DuckDB: an efficient SQL development in Python

Posted on January 19, 2025


After a few weeks using DuckDb to develop product, particularly to handle complex data processing logic (e.g. multiple table join, condition, group, expand, cross-database operation, ...), I like it more and more. Before that I use psycopg2 to connect database and download to Pandas, then use Pandas to do data processing, and finally write processed data to database table. For simple data processing logic, it is easy. But when need doing complex processing logic and join tables from different database and database servers, it is becoming tedious and inefficient using Pandas. I would like a tool that can reduce the pain. That is DuckDB I find it.

DuckDB is quite similar to my previous Database dev environment DataWork of AliCloud. DuckDB is Python friendly. So I use it to develop my user profiling product, which is heavily data logic processing such as join, pivot, expand, group on many tables and cross database server. Besides sufficient inner functions, you can also self-define Python function, register, and use it in DuckDB SQL. It is quite amazing. Here I will show a few tips on connect to Postgres server, create table, and insert table examples.

Install

pip install duckdb

Connect to Postgres database

```con_local``` is the variable what you use to access hereafter

# install postgres adaptor
duckdb.sql("INSTALL postgres; LOAD postgres;")

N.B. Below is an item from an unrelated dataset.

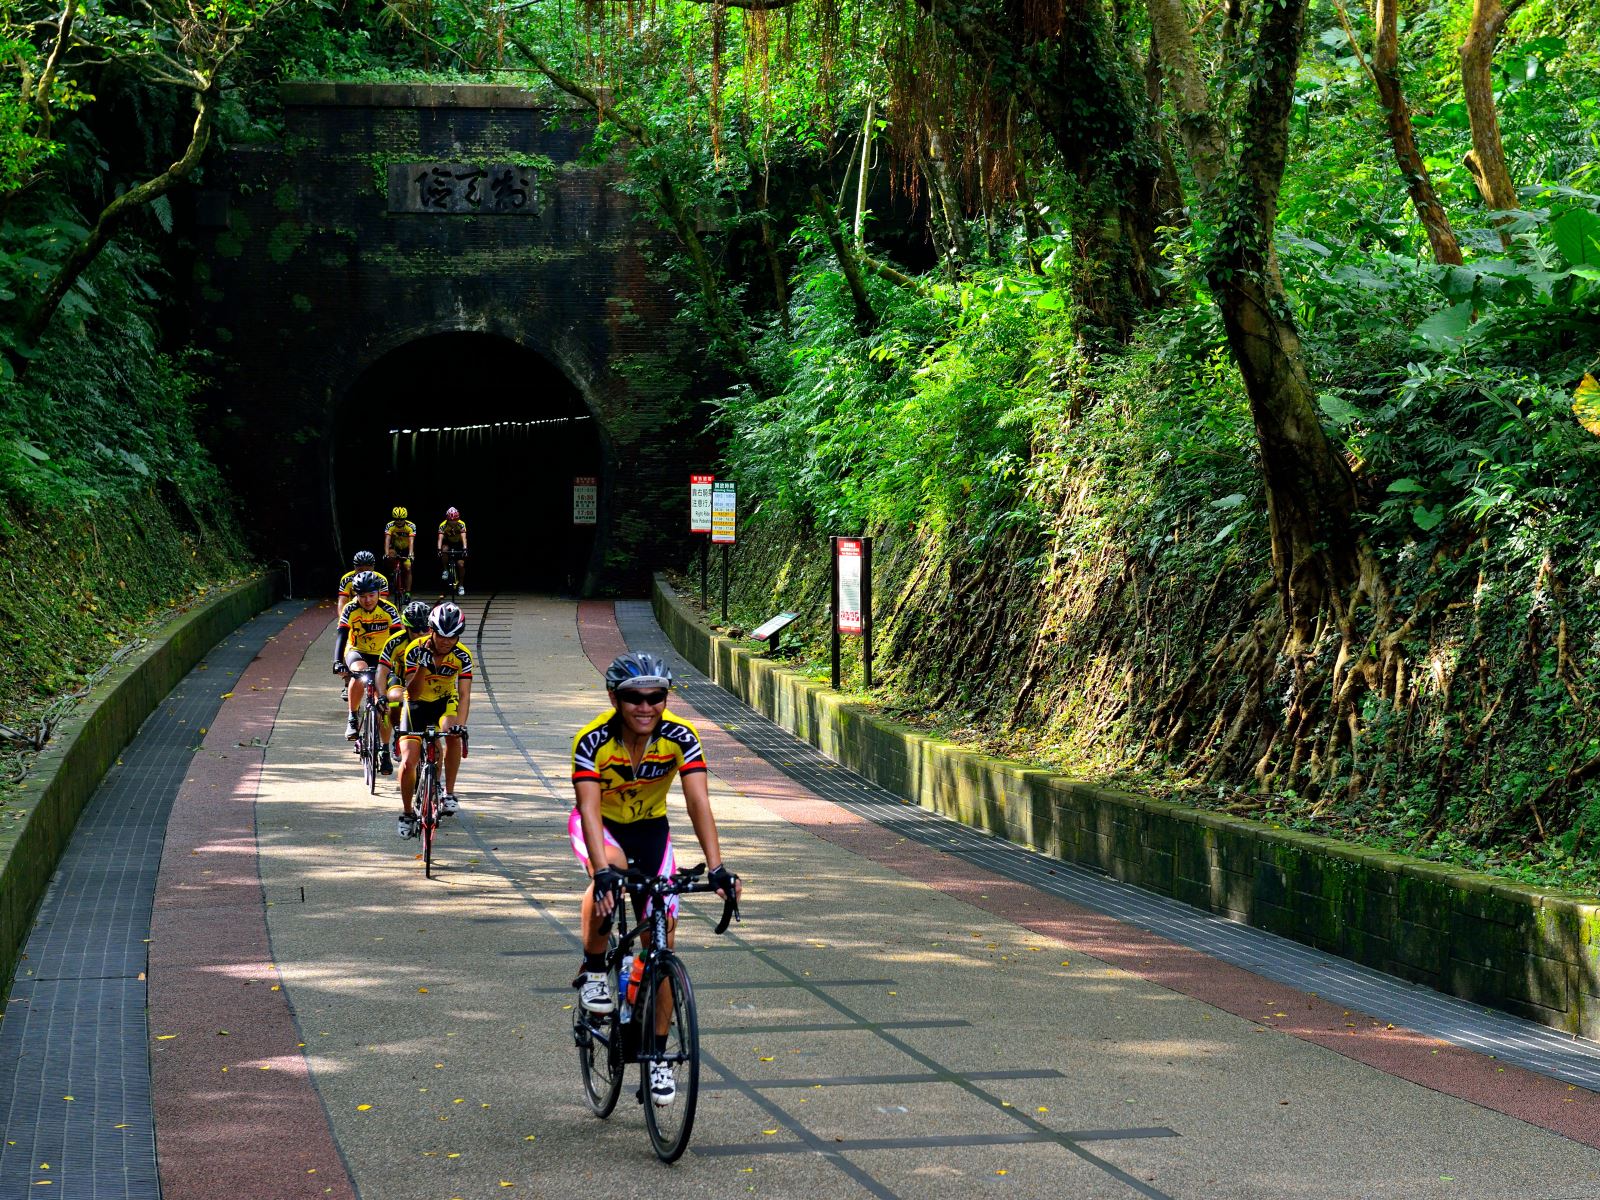 Самая известная часть северо-востока - это обильные ресурсы велосипедного туризма, такие как «Велосипедная дорожка старого туннеля Каолинг», которая была перестроена из первого железнодорожного туннеля Тайваня.

# Set your Database secrets, create for each database connector using different secret_name. You set can ready only or write/read allowed

_secret_template = """
CREATE SECRET IF NOT EXISTS {secret_name} (
            TYPE POSTGRES,
            HOST '{host}',
            PORT {port},
            DATABASE {database},
            USER '{username}',
            PASSWORD '{password}'
        );
 ATTACH IF NOT EXISTS '' AS {conn_alias} (TYPE POSTGRES, SECRET {secret_name}, SCHEMA 'public', READ_ONLY);
        """

 _secret_template_wr = """CREATE SECRET IF NOT EXISTS {secret_name} (
            TYPE POSTGRES,
            HOST '{host}',
            PORT {port},
            DATABASE {database},
            USER '{username}',
            PASSWORD '{password}'
        );
 ATTACH IF NOT EXISTS '' AS {conn_alias} (TYPE POSTGRES, SECRET {secret_name}, SCHEMA 'public');
        """
 duckdb.sql(self._secret_template_wr.format(
            username = "postgres",
            password = "postgres",
            host = "localhost",
            port = 5432,
            database = "postgres",
            secret_name = "secret_local",
            conn_alias = "con_local",
            )
        )

Access the table in database

# Read table
# e.f. if a table, named user_accounts, in postgres database. Columns e.g. user_id, name, location

sql_str = """ SELECT user_id, name, location FROM con_local.user_accounts;"""
data = duckdb.sql(sql_str)

#write table
sql_str = """ INSERT INTO con_local.user_accounts
SELECT user_id, name, location FROM (VALUES (1,'a','a1'))
"""
data = duckdb.sql(sql_str)

Register a function

The following shows an example case of how to define custom function and call it in SQL to process user content.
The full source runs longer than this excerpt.